= Child PTSD Symptom Scale =

Psychological questionnaire

The Child PTSD Symptom Scale (CPSS) is a free checklist designed for children and adolescents to report traumatic events and symptoms that they might feel afterward. The items cover the symptoms of posttraumatic stress disorder (PTSD), specifically, the symptoms and clusters used in the DSM-IV. Although relatively new, there has been a fair amount of research on the CPSS due to the frequency of traumatic events involving children. The CPSS is usually administered to school children within school boundaries, or in an off-site location to assess symptoms of trauma. Some, but not all, people experience symptoms after a traumatic event, and in serious cases, these people may not get better on their own.
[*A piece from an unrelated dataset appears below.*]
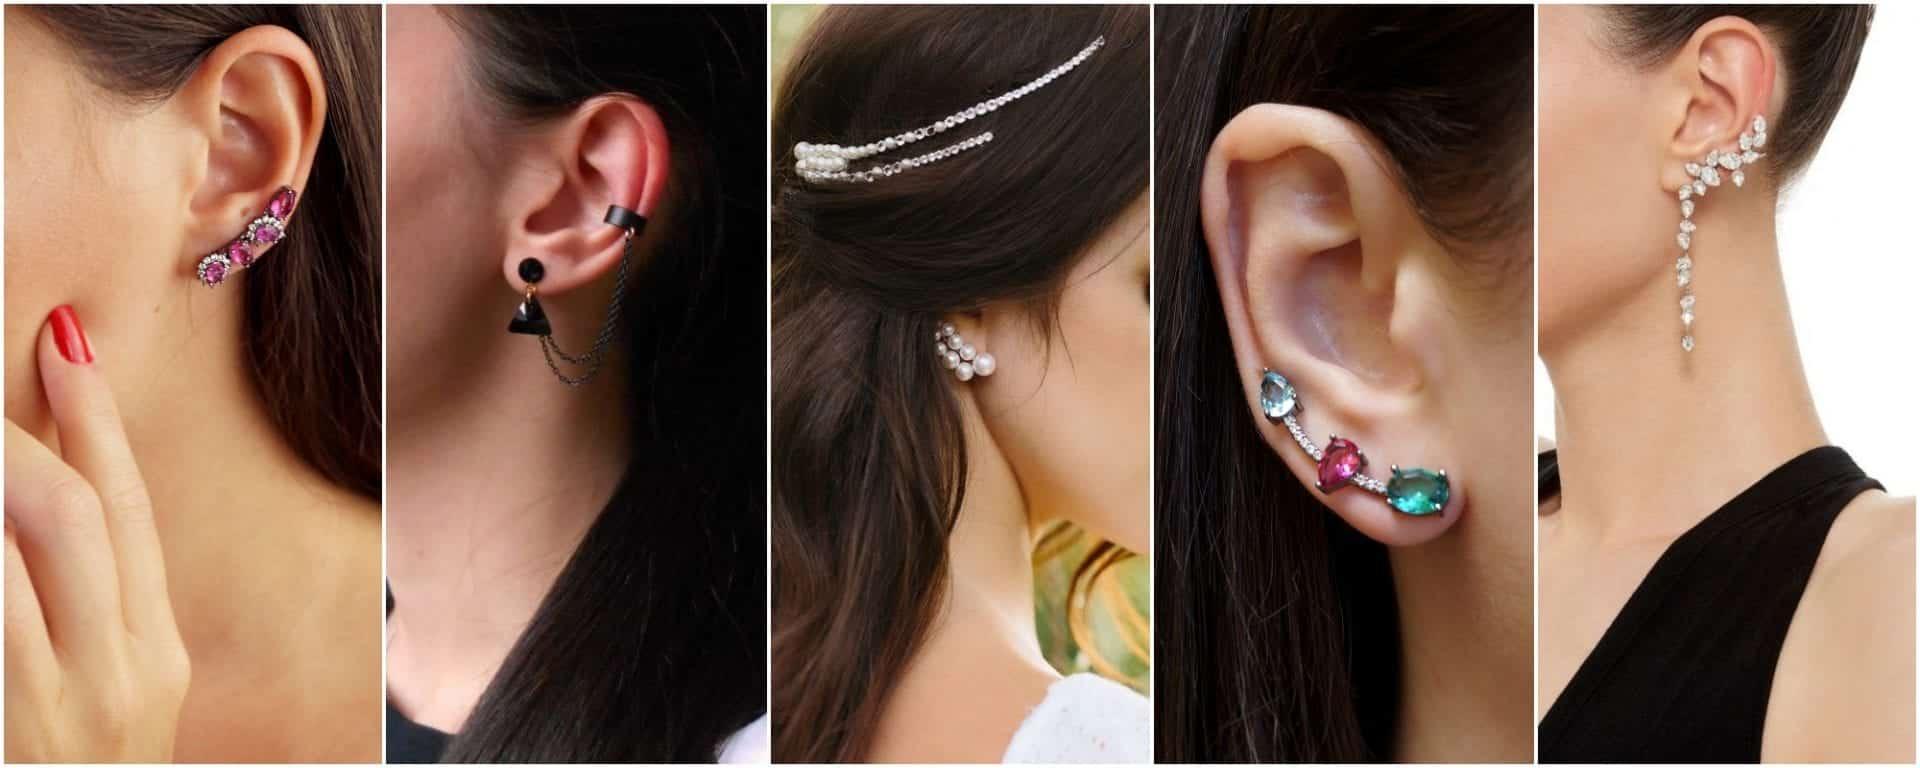 Ear cuff - O que é, como usar e 5 vantagens em usar na orelha

Early and accurate identification, especially in children, of experiencing distress following a trauma could help with early interventions. The CPSS is one of a handful of promising measures that has accrued good evidence for reliability and validity, along with low cost, giving it good clinical utility as it addresses a public health need for better and larger scale assessment.

== Overview ==
The CPSS questionnaire covers the symptoms of PTSD, specifically in youth, using the definitions and criteria from DSM-IV. The current edition of the DSM (DSM-V) made changes to the diagnosis of PTSD, and new research needs to ascertain whether the DSM changes alter the accuracy of the CPSS. CPSS stands for Child PTSD Symptom Scale, CPSS-I is the CPSS Interview, and CPSS-SR is the CPSS Self Report.
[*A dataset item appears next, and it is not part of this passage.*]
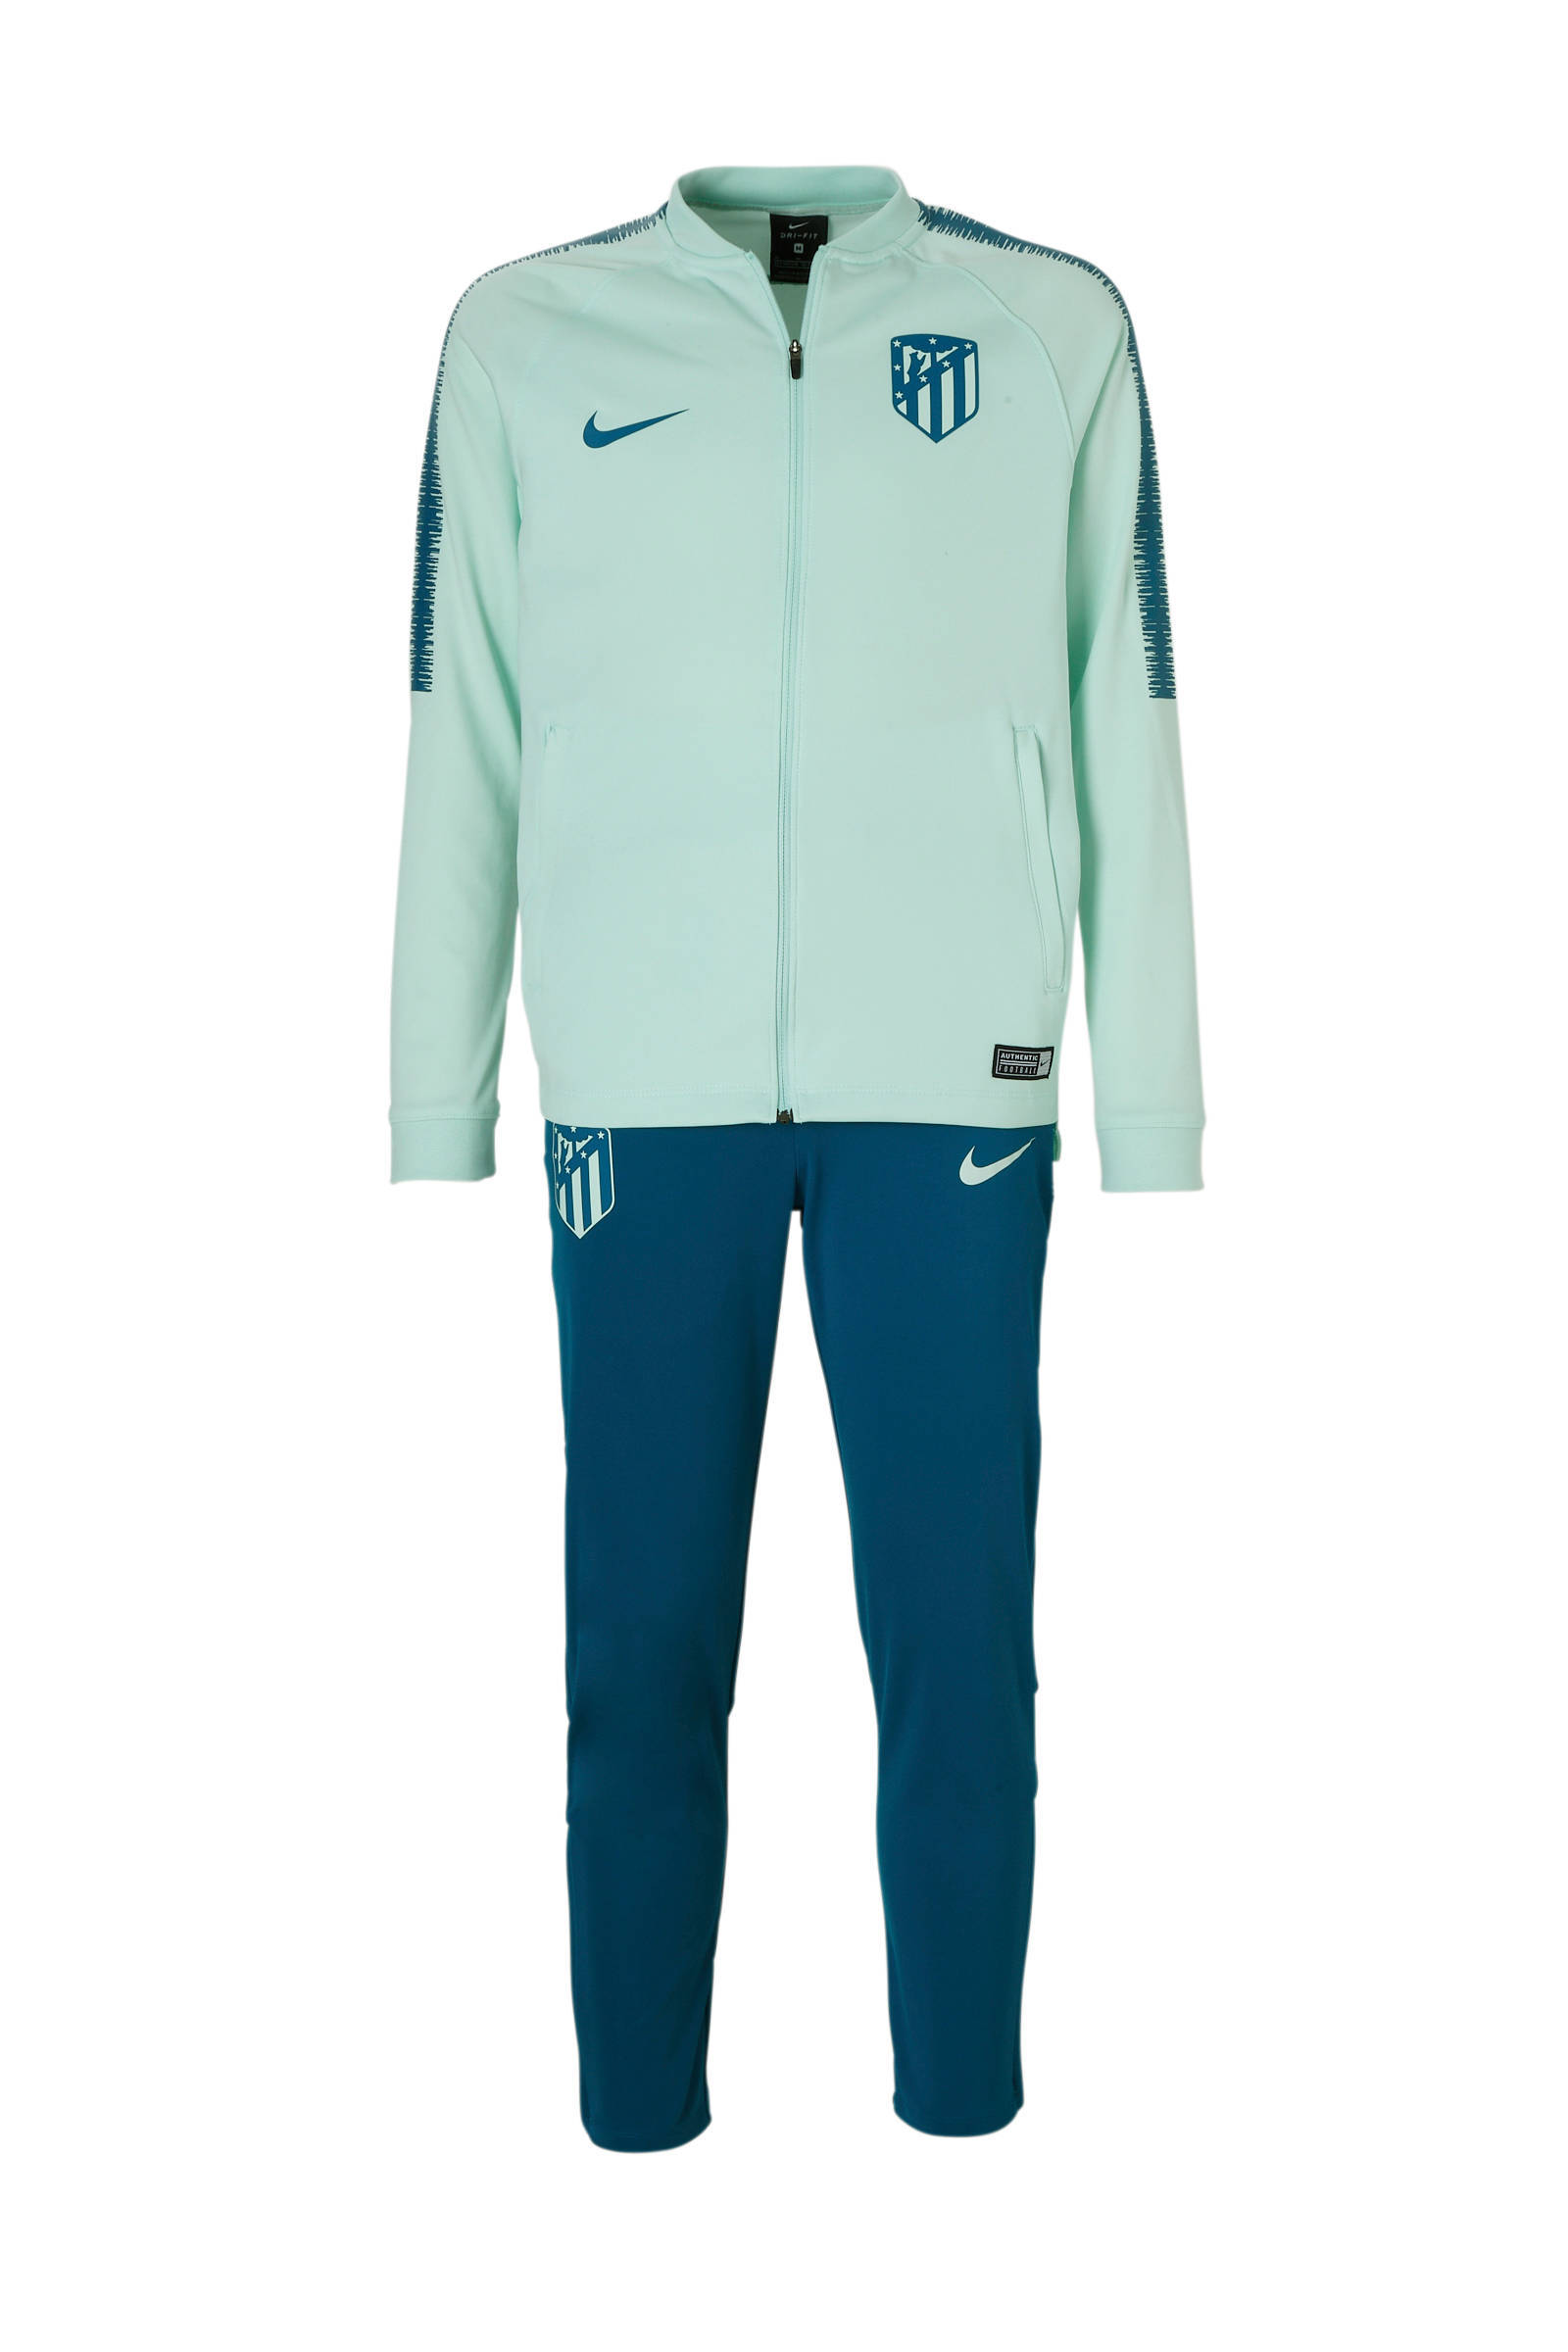 Nike trainingspak licht blauw/groen | wehkamp

The CPSS consists of 26 self-report measures to childhood PTSD diagnostic symptoms developed by Edna Foa, that assesses PTSD diagnostic criteria and symptom severity in children ages 8 to 18. It includes 2 event items, 17 symptom items, and 7 functional impairment items. Symptom items are rated on a 4-point frequency scale (0 = "not at all" to 3 = "5 or more times a week"). The CPSS gives a total symptom severity scale score (ranging from 0 to 51) and a total severity of impairment score (ranging from 0 to 7). The length of time to administer the test varies depending on who is administering the test, but it is shorter than other childhood PTSD exams such as the CPTSD-RI (Child Posttraumatic Stress Reaction Index), CITES-2 (Children's Impact of Traumatic Events Scale-Revised), and CPTSDI (Children's PTSD Inventory). The CPSS saves money and time by involving minimal interaction with clinicians to administer and is generally used to treat large groups of children at a time after a traumatic event.

== History ==
The test was created by Edna B. Foa and colleagues in 2001 as an adaptation to The PTSD Symptom Scale (PSS) created by Foa, Riggs, Dancu, & Rothbaum in 1993. The changes made between these two versions were mainly to make the vocabulary more easily understandable for youth.

The original version of the CPSS by Foa established a clinical cutoff score greater than or equal to 11 and yielded 95% sensitivity and 96% specificity. However, it has since been established that a clinical cutoff score of 15 is more appropriate.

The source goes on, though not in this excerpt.